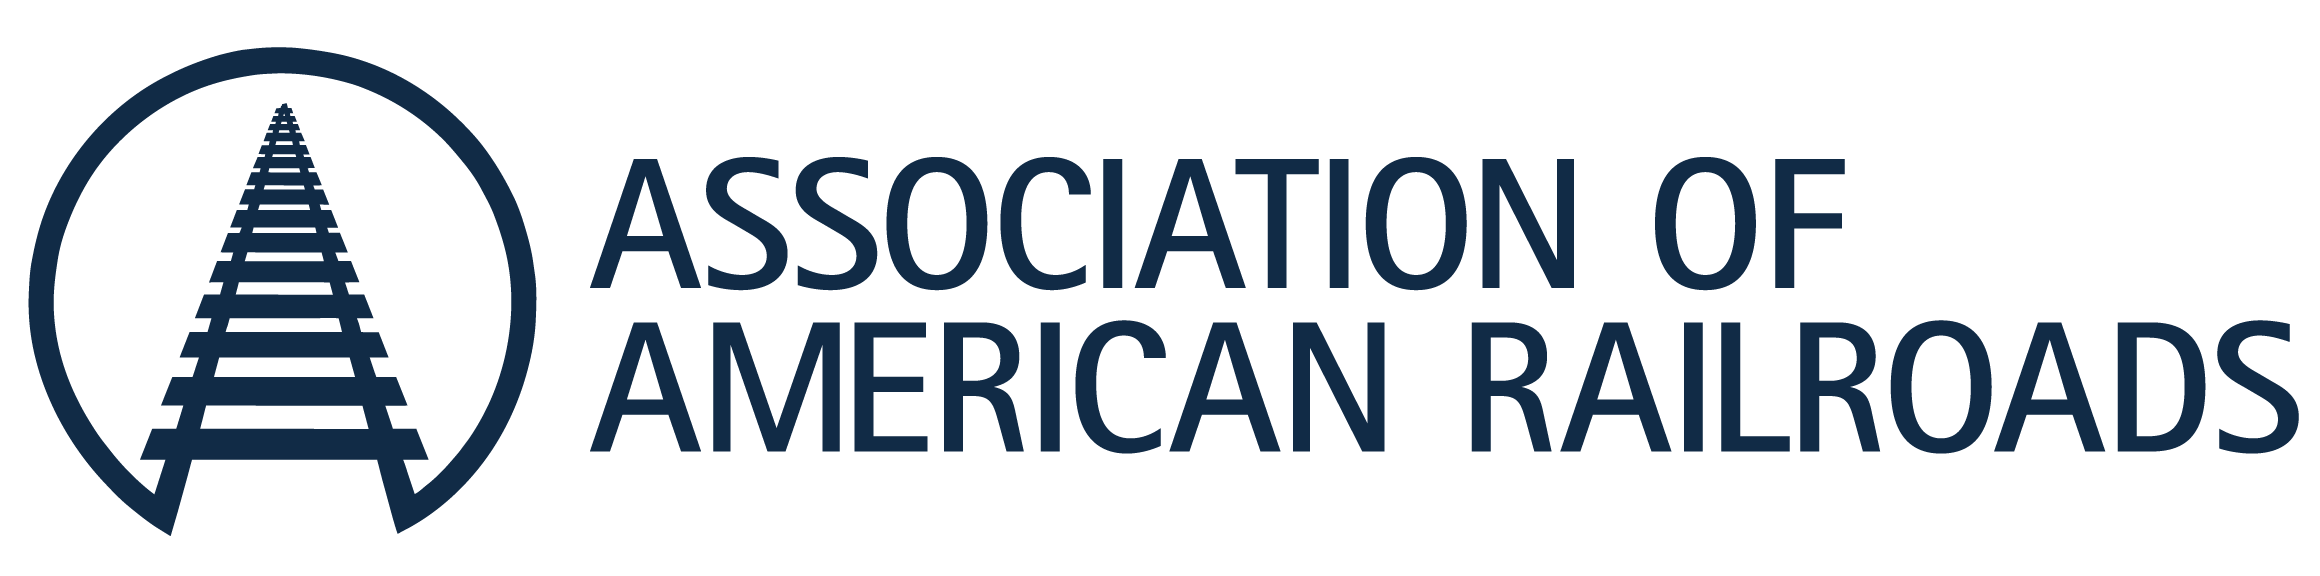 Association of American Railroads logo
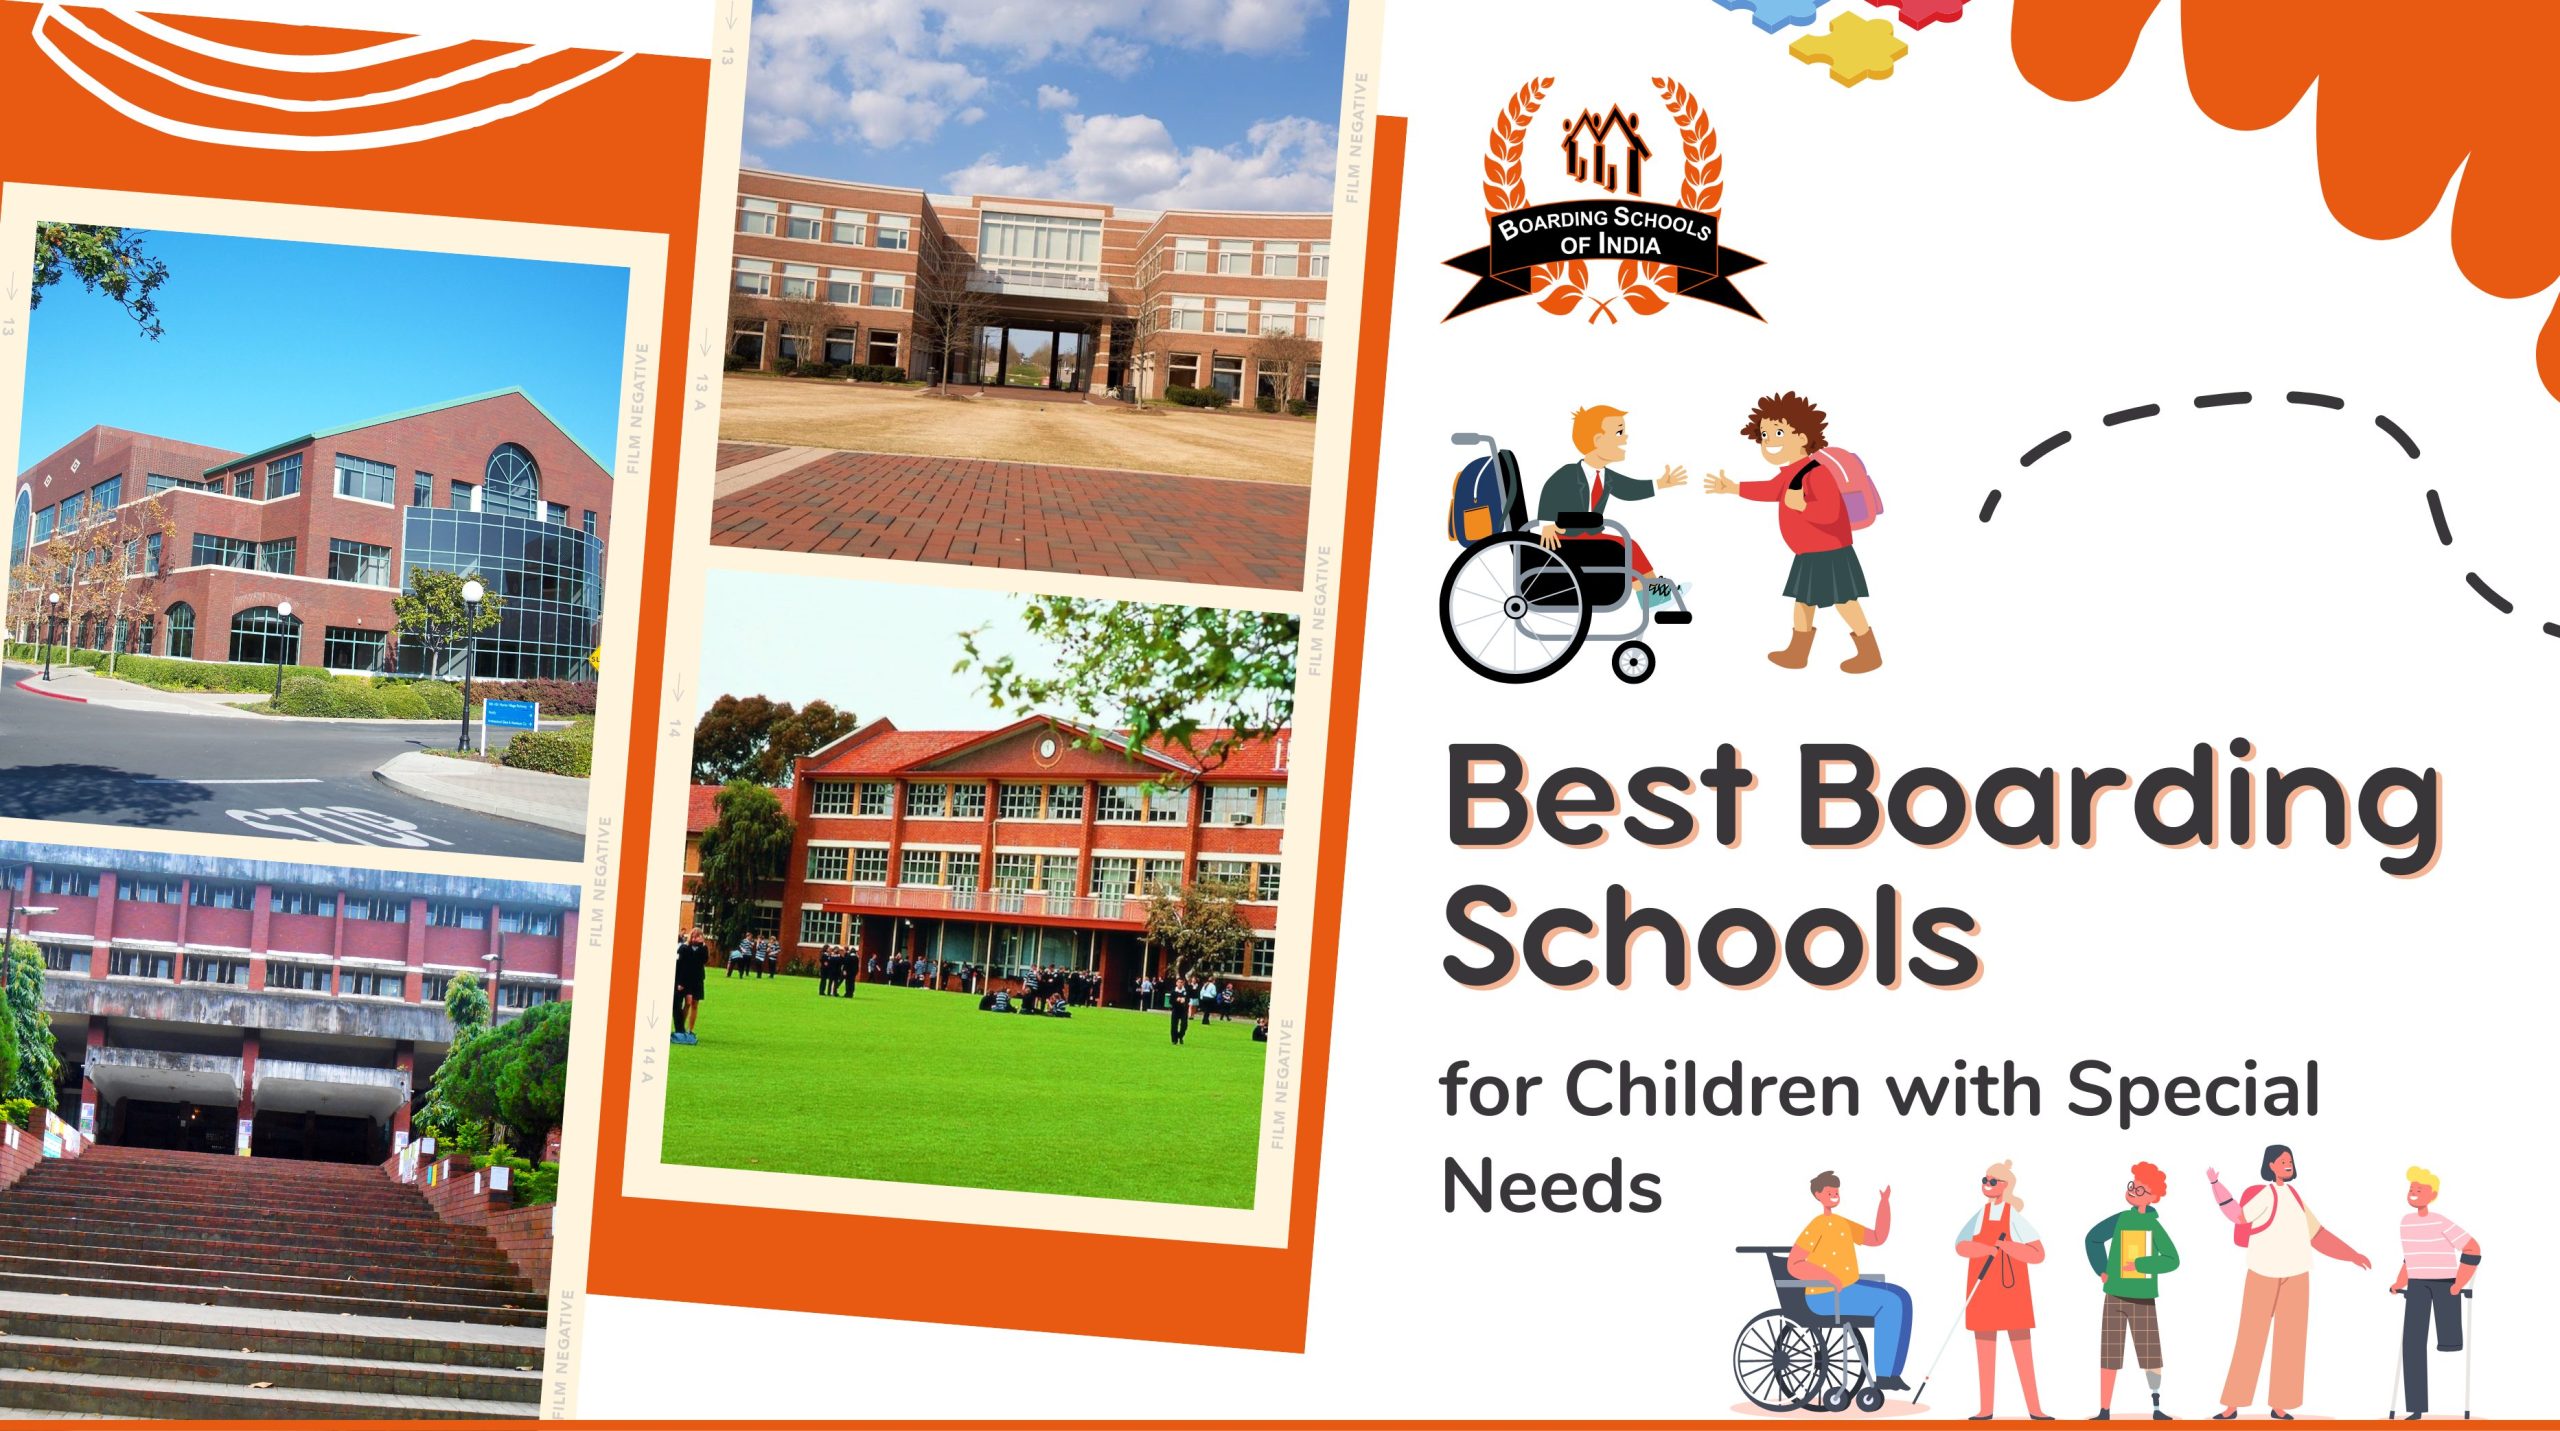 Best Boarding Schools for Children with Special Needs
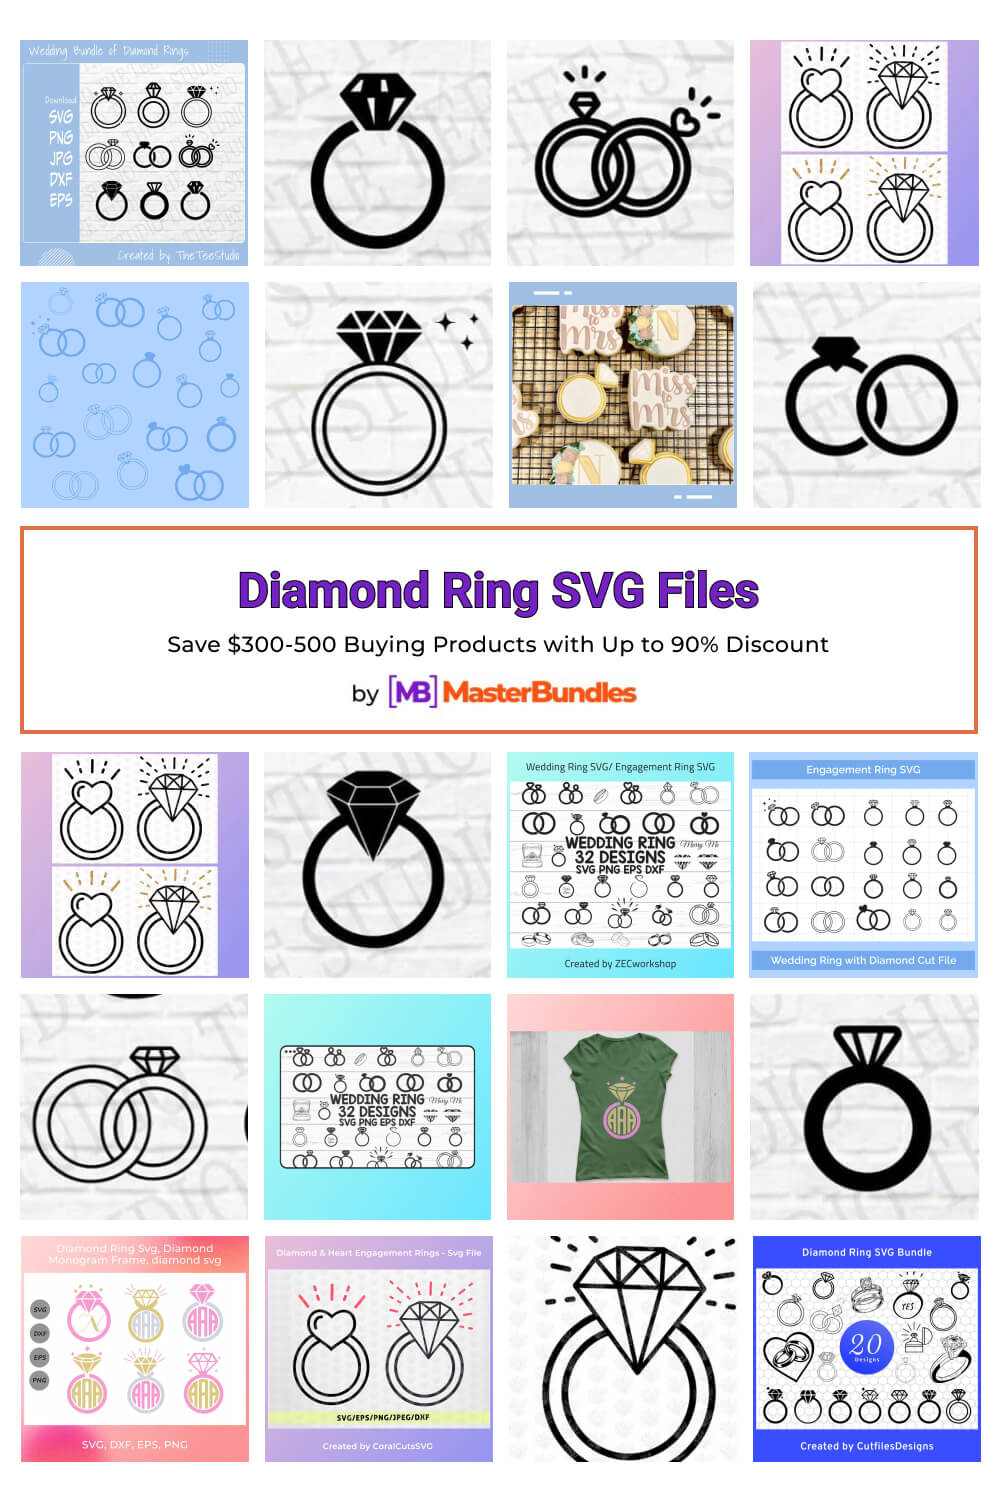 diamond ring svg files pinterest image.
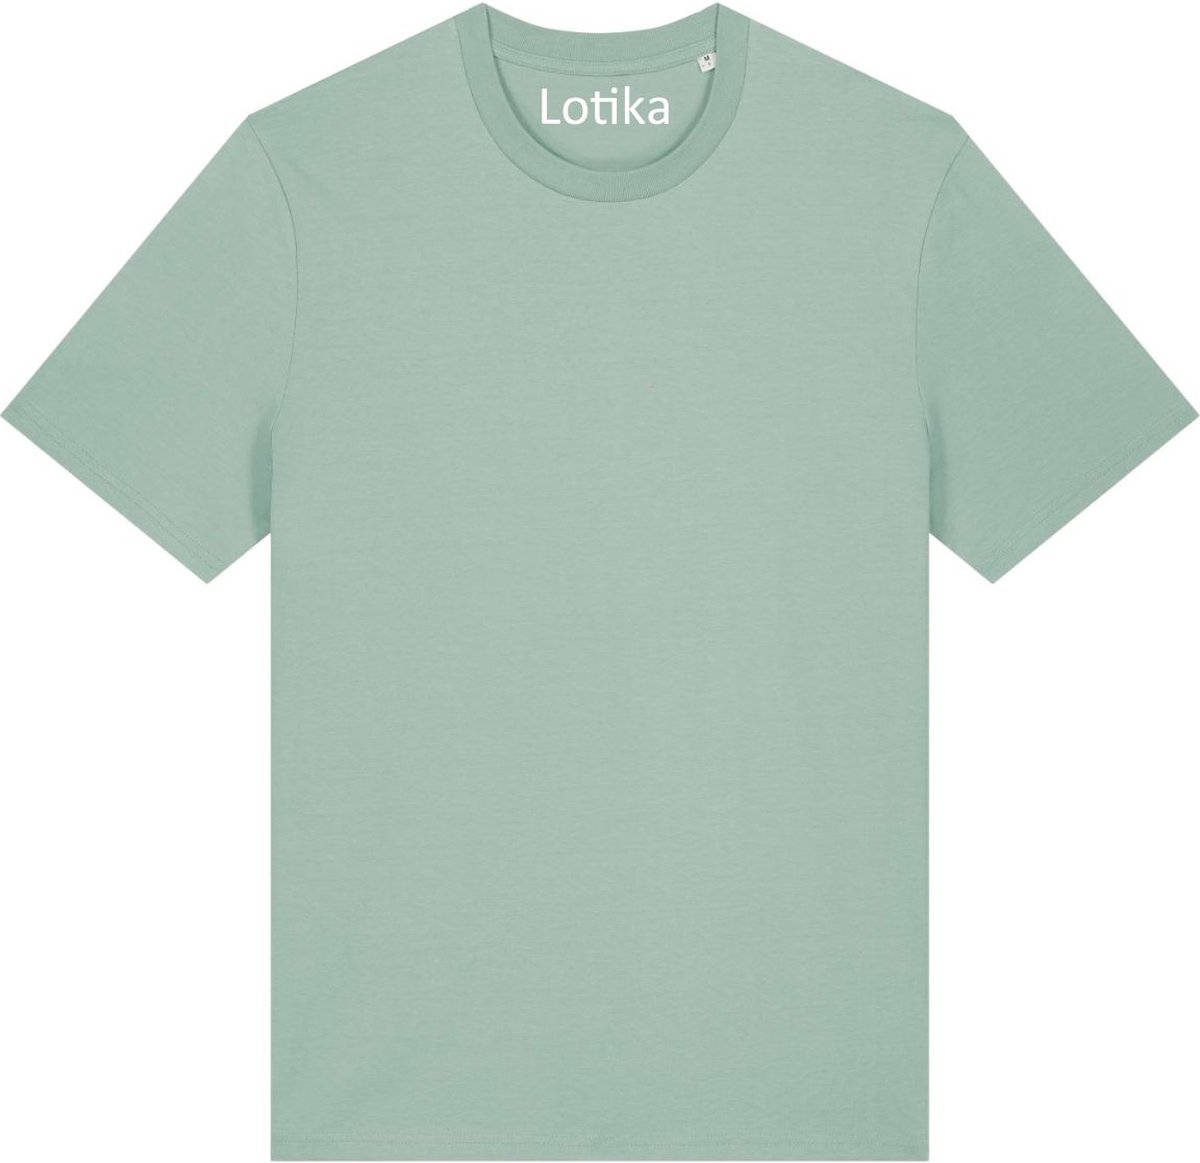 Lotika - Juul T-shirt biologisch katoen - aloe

______

# DIRECTIONS
What you return should be the whole listing, word for word, without its pictures.

# RESULT
 Association of American Railroads logo
 Best Boarding Schools for Children with Special Needs
 diamond ring svg files pinterest image.
 Lotika - Juul T-shirt biologisch katoen - aloe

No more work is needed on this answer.